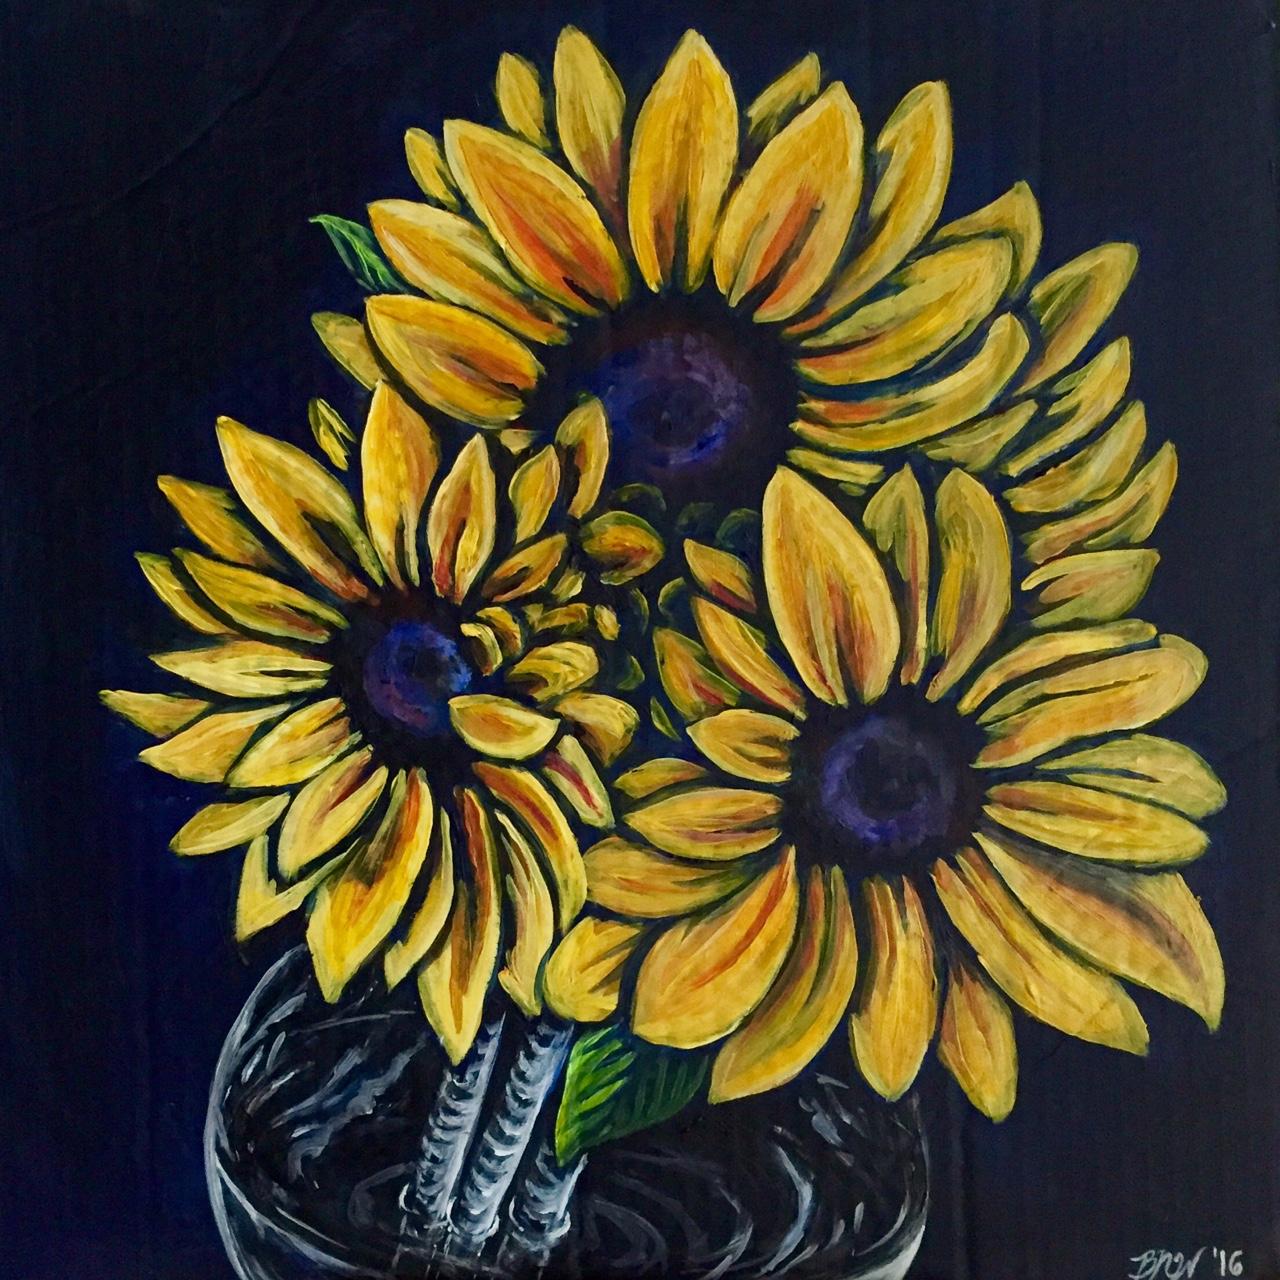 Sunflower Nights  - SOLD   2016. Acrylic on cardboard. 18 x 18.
☆ ☆ ☆
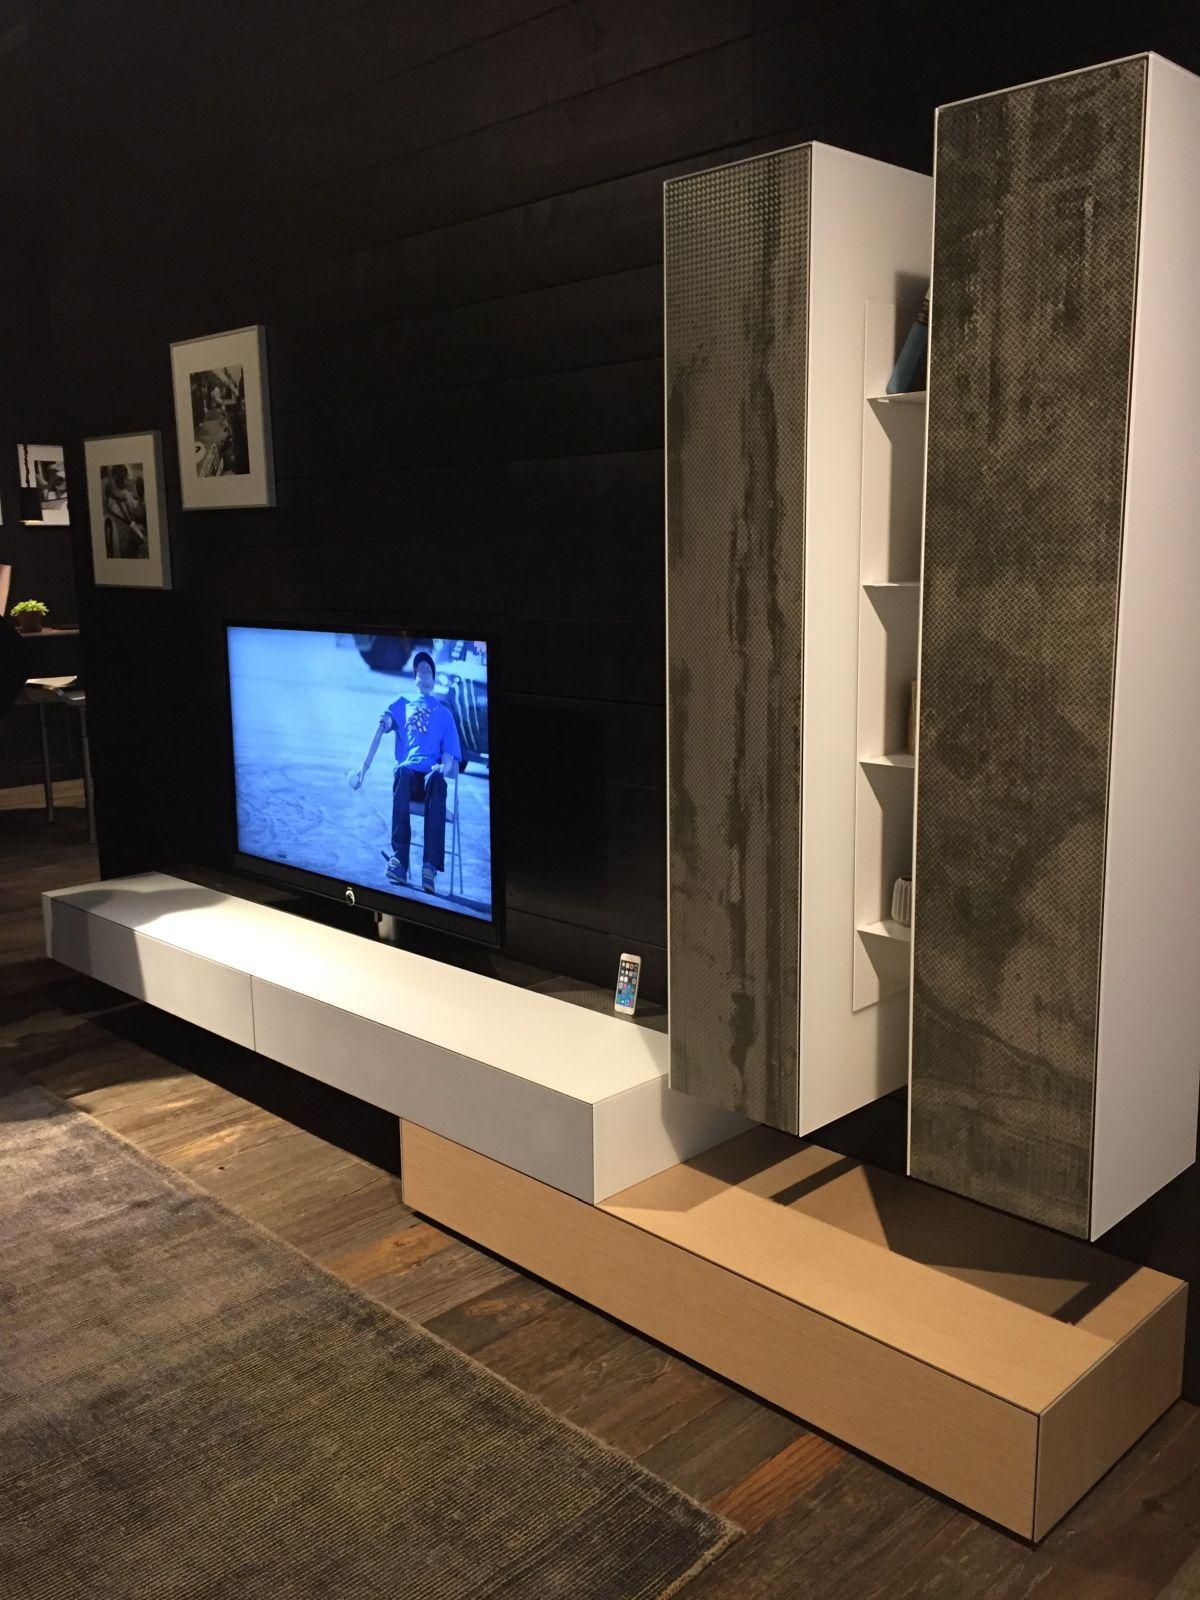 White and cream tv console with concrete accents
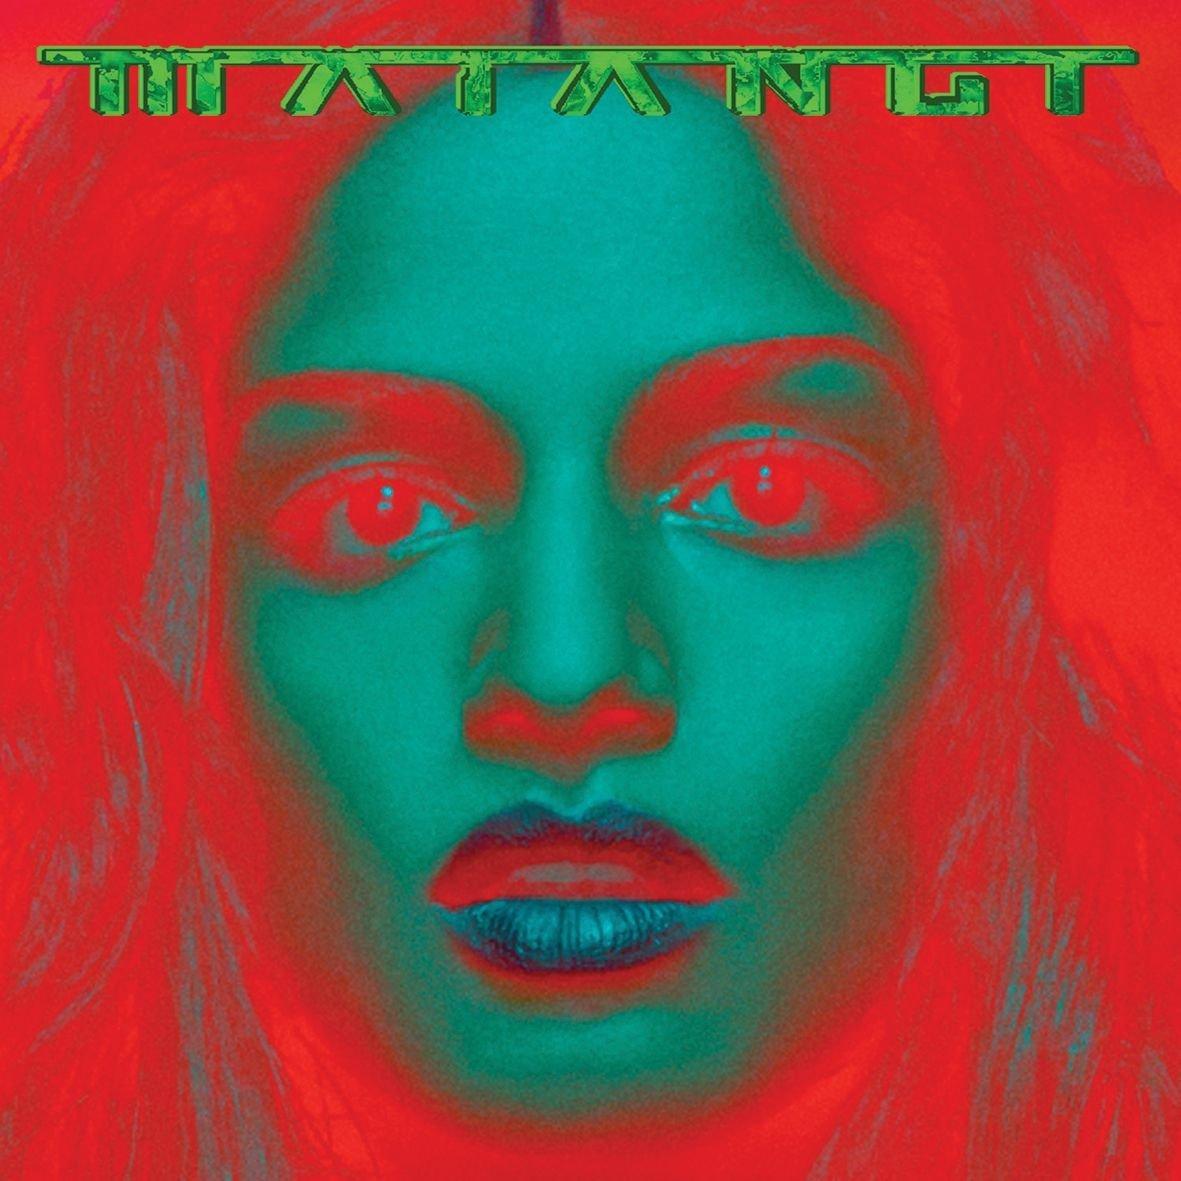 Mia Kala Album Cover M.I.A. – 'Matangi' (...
☆ ☆ ☆
#### [Try it]
The answer must be the part of the records that opens with the line containing "White and cream" and closes with the line containing "Mia Kala Album Cover M.I.A. – 'Matangi' (...", reproduced exactly, with no pictures.

#### [Result of the task]
 White and cream tv console with concrete accents
 Mia Kala Album Cover M.I.A. – 'Matangi' (...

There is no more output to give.